Garage Door Types: A Complete Guide to Styles & Materials

By Michael Thompson, IDEA Certified Technician
May 14, 2026
10 min read
Different garage door types including sectional, roll-up, side-hinged and full-view glass styles on GTA homes
Quick Answer

There are five main garage door types, grouped by how they open: sectional (rigid horizontal panels that roll up overhead — the most common in Canada), roll-up/coiling (slats that coil around a drum), side-hinged (swing-out doors), tilt-up (one solid panel that pivots up), and slide-to-side. Each type comes in different materials — insulated steel, aluminum-and-glass, wood, and composite. For the GTA climate, an insulated steel sectional door is the best all-around choice.

What Is a Garage Door Type?

A garage door "type" describes the mechanism by which the door opens and stores — overhead, coiling, swinging, tilting, or sliding. This is separate from the door's "style" (the visual look, such as traditional raised-panel, carriage house, or modern flush) and its "material" (steel, aluminum, wood, composite, or glass). Choosing the right type first ensures the door fits your headroom, climate, and how you actually use the space.

Buying a new garage door is one of the highest-return upgrades a GTA homeowner can make — it shapes your curb appeal, your home's energy efficiency, and your daily convenience. But before you pick a colour or window pattern, you need to understand the underlying door types. Here is the field-tested breakdown I give every customer across Toronto, Mississauga, and the wider GTA.

The 5 Main Garage Door Types by Opening Mechanism

Almost every residential and commercial door on the market falls into one of five mechanical categories. Here is how each one works and where it fits best.

1. Sectional Overhead Doors (the GTA standard)

A sectional door is built from three to five rigid horizontal panels (called sections) joined by hinges. As the door opens, the panels bend at each hinge and travel up vertical tracks, then curve back along horizontal tracks to rest flat against the garage ceiling. Rollers in the track and a torsion or extension spring system carry the weight.

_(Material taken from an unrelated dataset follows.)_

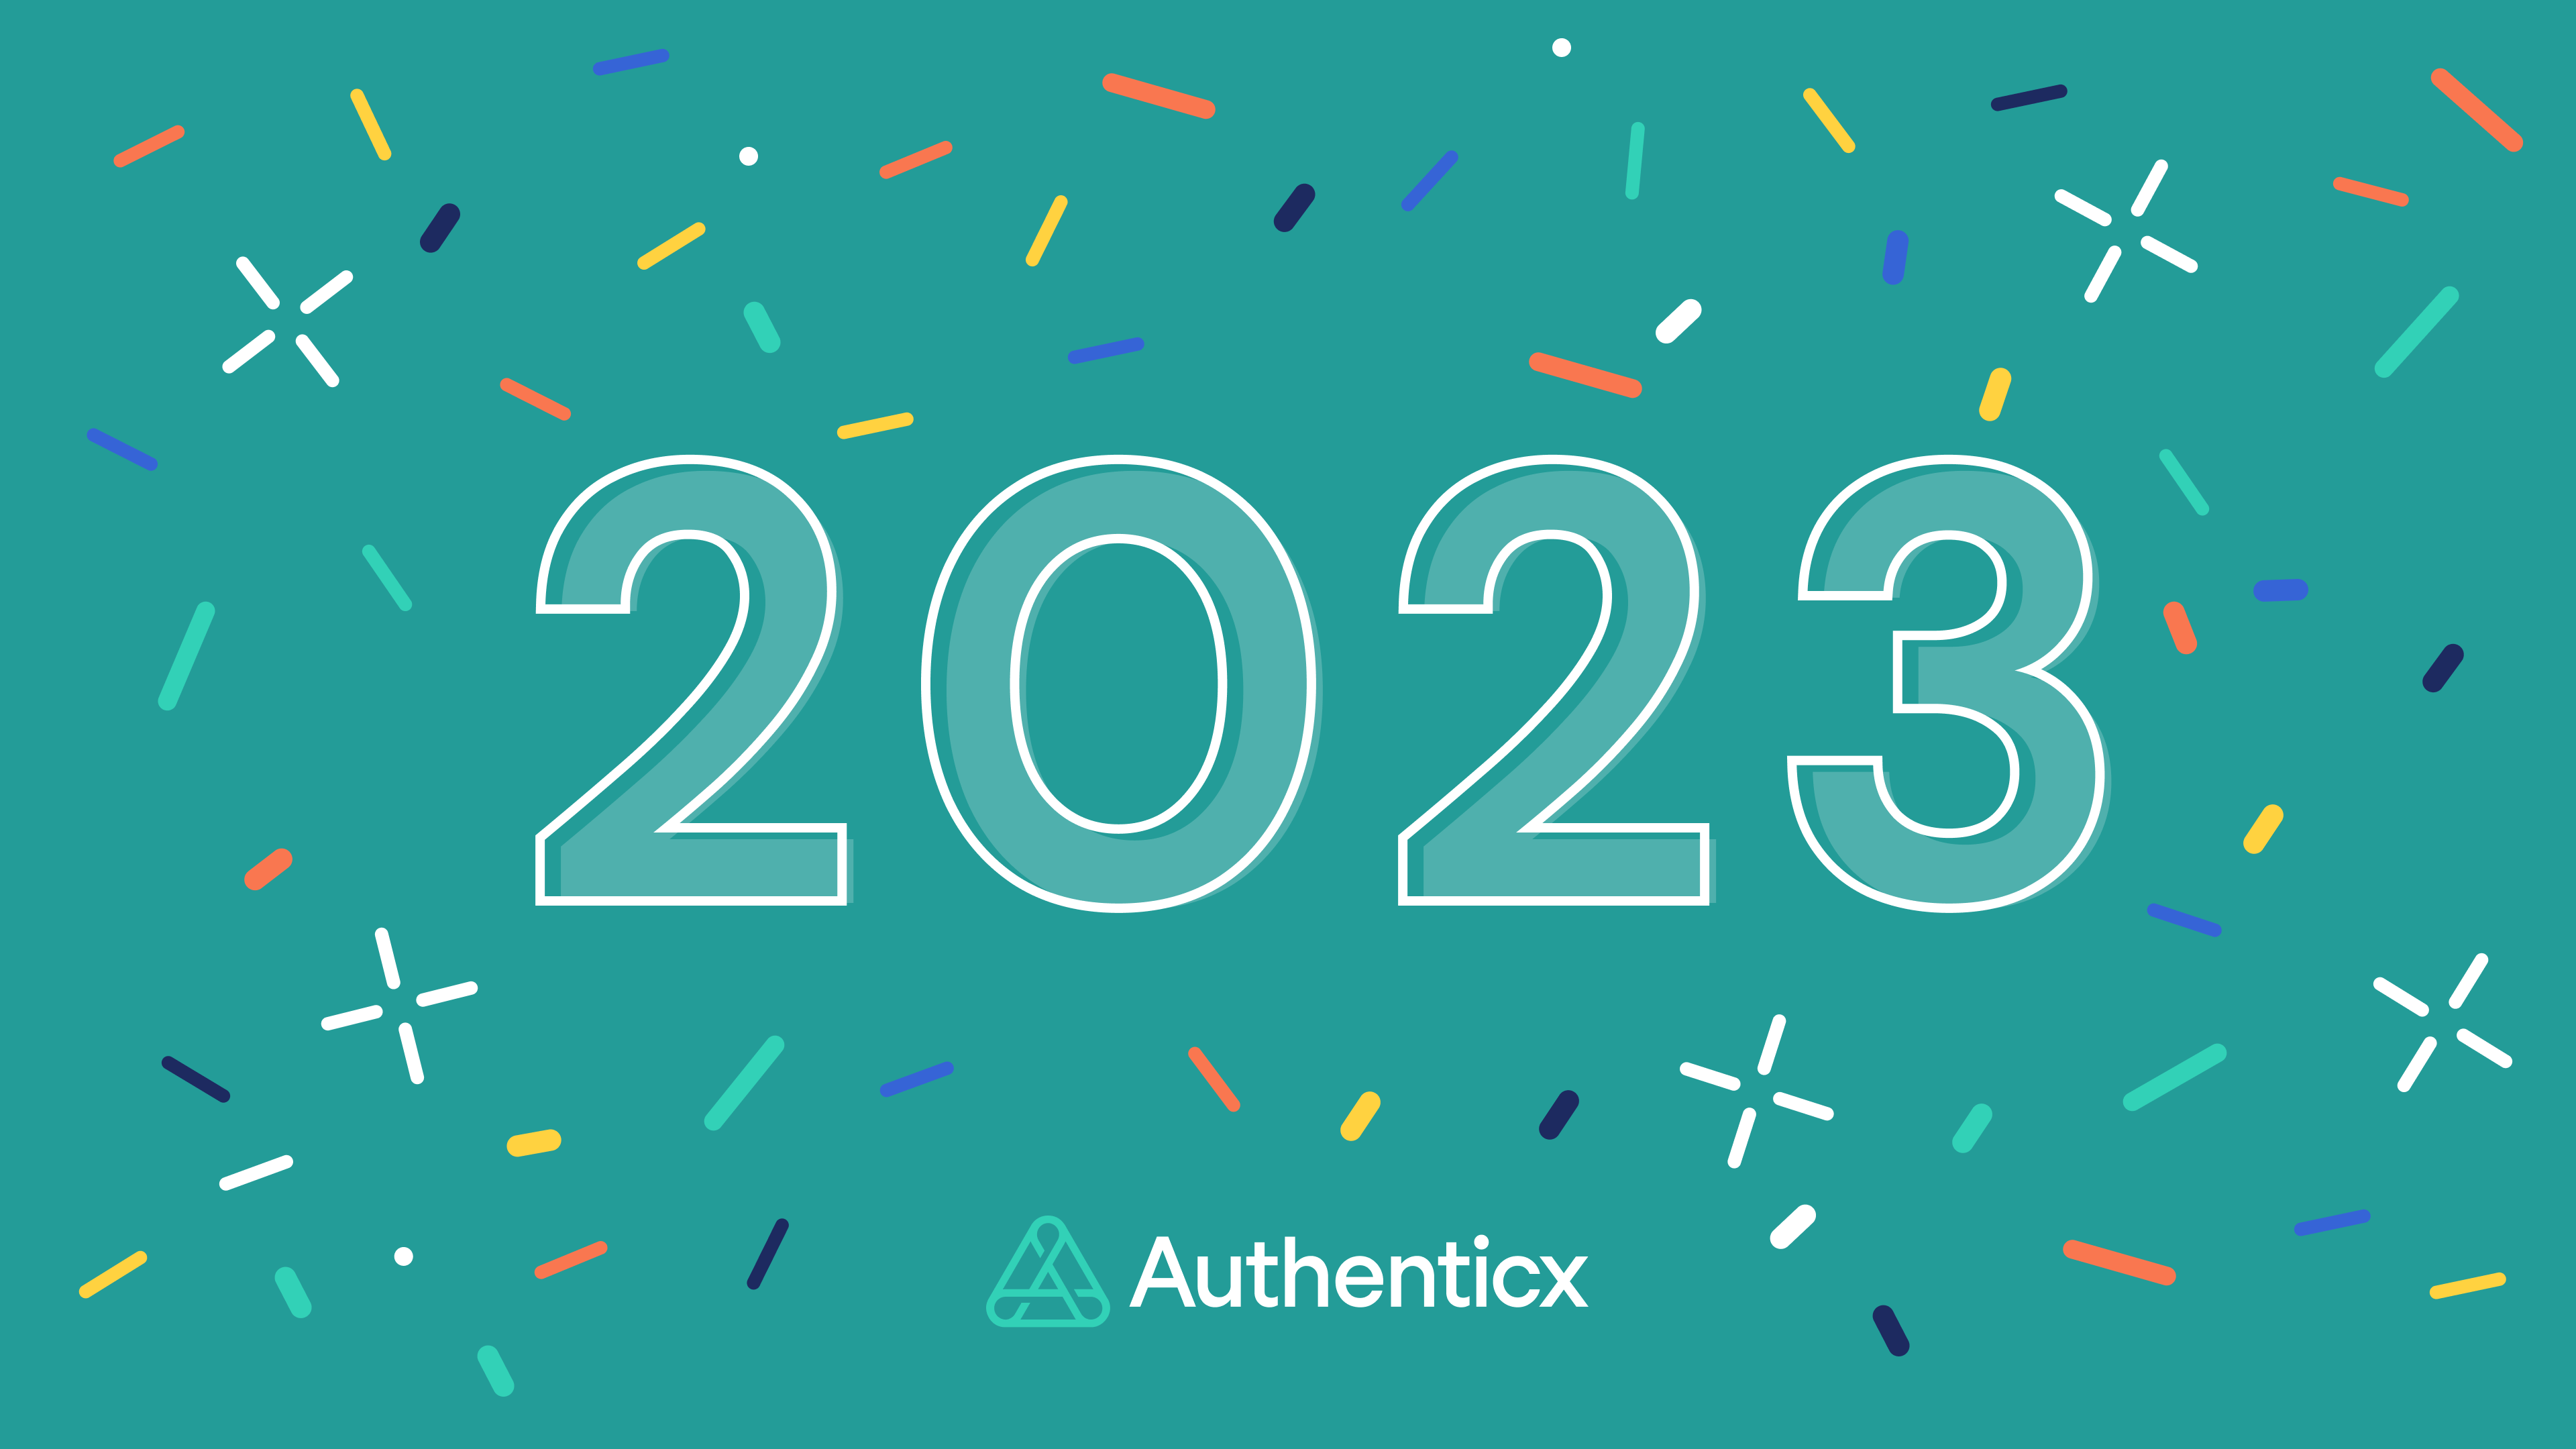 Authenticx Growth 2023

This is the door you see on the overwhelming majority of Canadian homes, and for good reason: it seals tightly against weather, accepts thick insulation, offers strong security, and works seamlessly with an automatic opener. If a single panel gets dented by a hockey net or backing accident, you can often do a single garage door panel replacement instead of swapping the whole door.

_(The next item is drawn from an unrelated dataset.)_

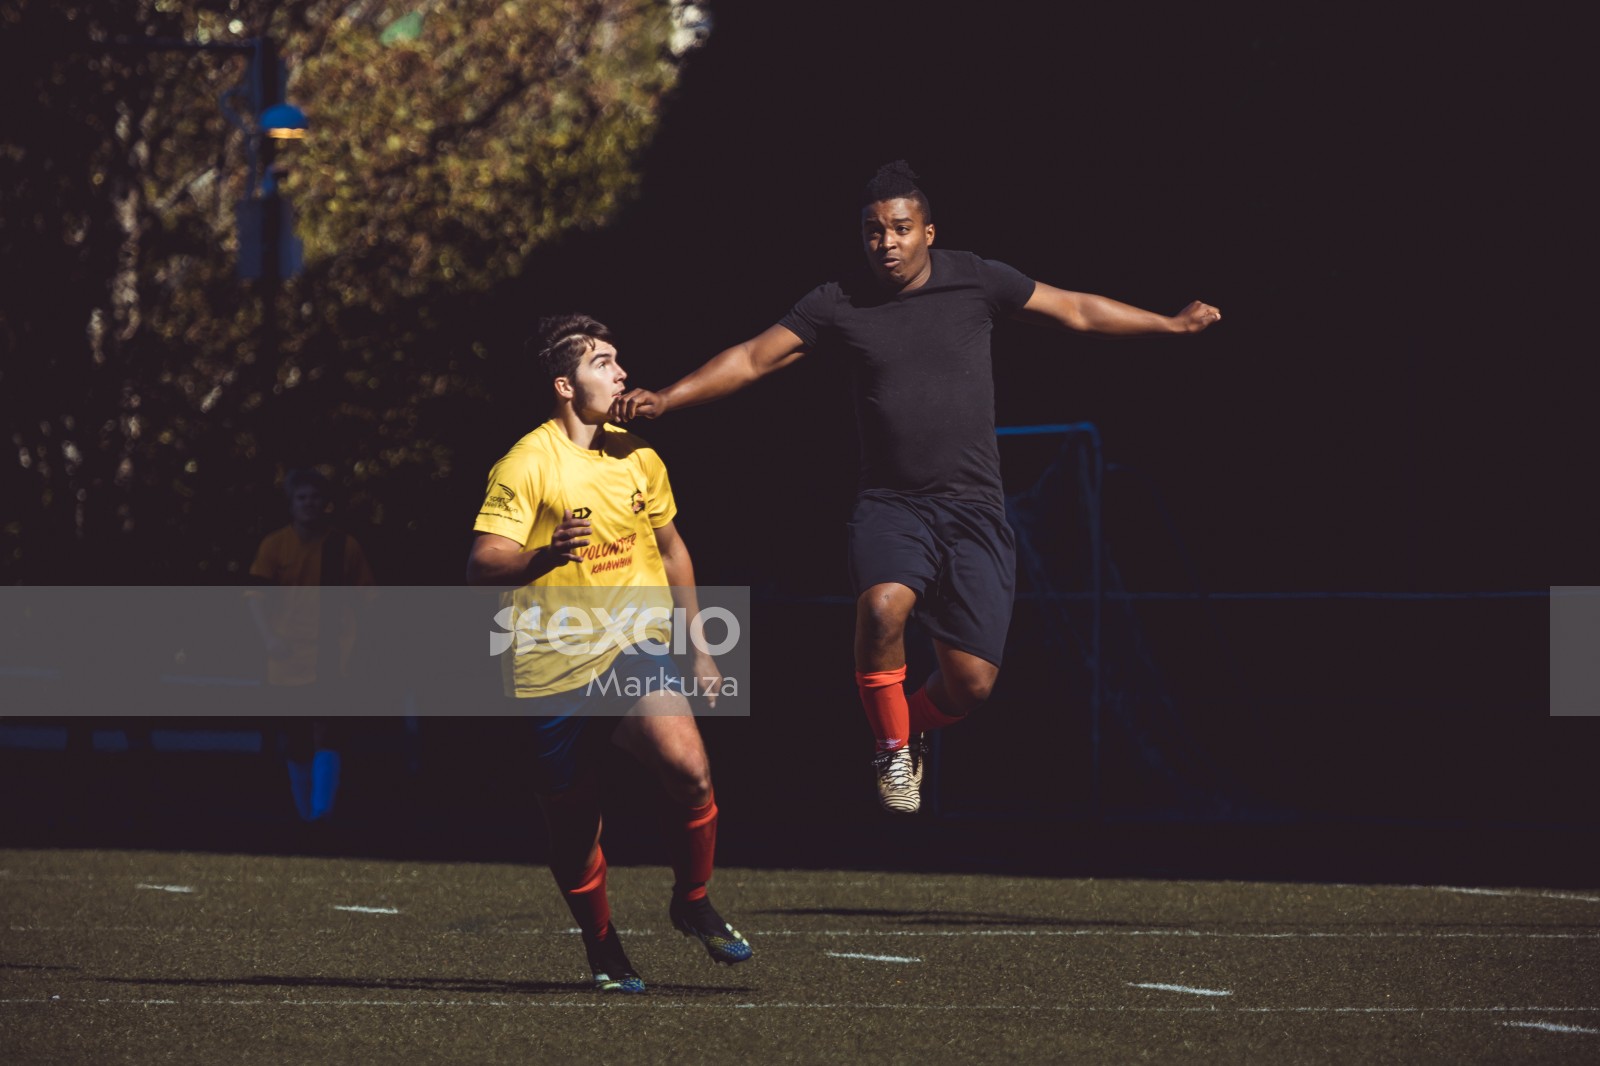 Football player jumps while running - Sports Zone sunday league

2. Roll-Up (Coiling) Doors

A roll-up or coiling door is made from many narrow interlocking steel slats that wrap around a drum mounted directly above the opening. Because the door coils rather than running along ceiling tracks, it needs very little headroom and no overhead track space — making it ideal for low-clearance garages, workshops, and commercial bays. They are extremely durable but typically offer less insulation and fewer decorative options than sectional doors. We service these often through our commercial garage door repair team.

3. Side-Hinged (Swing-Out) Doors

Side-hinged doors swing open outward from a central jamb, like a pair of large barn or carriage doors. They are a traditional look that suits heritage homes and detached garages where you walk in and out more than you drive in. They require swing clearance in front of the opening and are harder (though not impossible) to automate. Snow buildup in front of the door can block them in winter — an important GTA consideration.

4. Tilt-Up (Canopy & Retractable) Doors

A tilt-up door is a single solid slab that pivots on a pivoting hinge mechanism: the bottom swings out and up while the top tilts back into the garage. Canopy versions leave part of the door projecting outside as an awning; retractable versions pull fully inside on tracks. These were common on mid-century homes but are now rare in new builds because the swinging slab is a pinch hazard, seals poorly, and can't be easily insulated.

5. Slide-to-Side Doors

Slide-to-side doors operate by bending to one side of the garage and sitting parallel to the wall, running on a bottom track with rollers. They were among the earliest overhead-alternative designs and work well in garages with limited headroom but generous side-wall space. They are uncommon in modern residential installs but occasionally requested for specialty or accessibility builds.

Door TypeHow It OpensHeadroom NeededBest For
Sectional OverheadPanels roll up to ceilingStandard (12–18 in)Most GTA homes
Roll-Up / CoilingSlats coil on a drumVery lowCommercial, low-clearance
Side-HingedSwings outwardNone (needs front clearance)Heritage / walk-in garages
Tilt-Up CanopyOne slab pivots upModerateOlder homes (legacy)
Slide-to-SideBends to one wallVery lowSpecialty / accessibility

Garage Door Materials Compared

Once you've settled on a type (usually sectional for GTA homes), the material drives the look, the maintenance, and how well the door handles our winters.

Steel

Steel is the most popular material in Canada. It comes in single-layer (steel only), double-layer (steel + insulation), and triple-layer (steel + polyurethane foam + steel) constructions. A two- or three-layer insulated steel door resists dents, blocks cold, dampens road noise, and needs almost no upkeep. For most homeowners considering a garage door replacement, insulated steel is the value sweet spot.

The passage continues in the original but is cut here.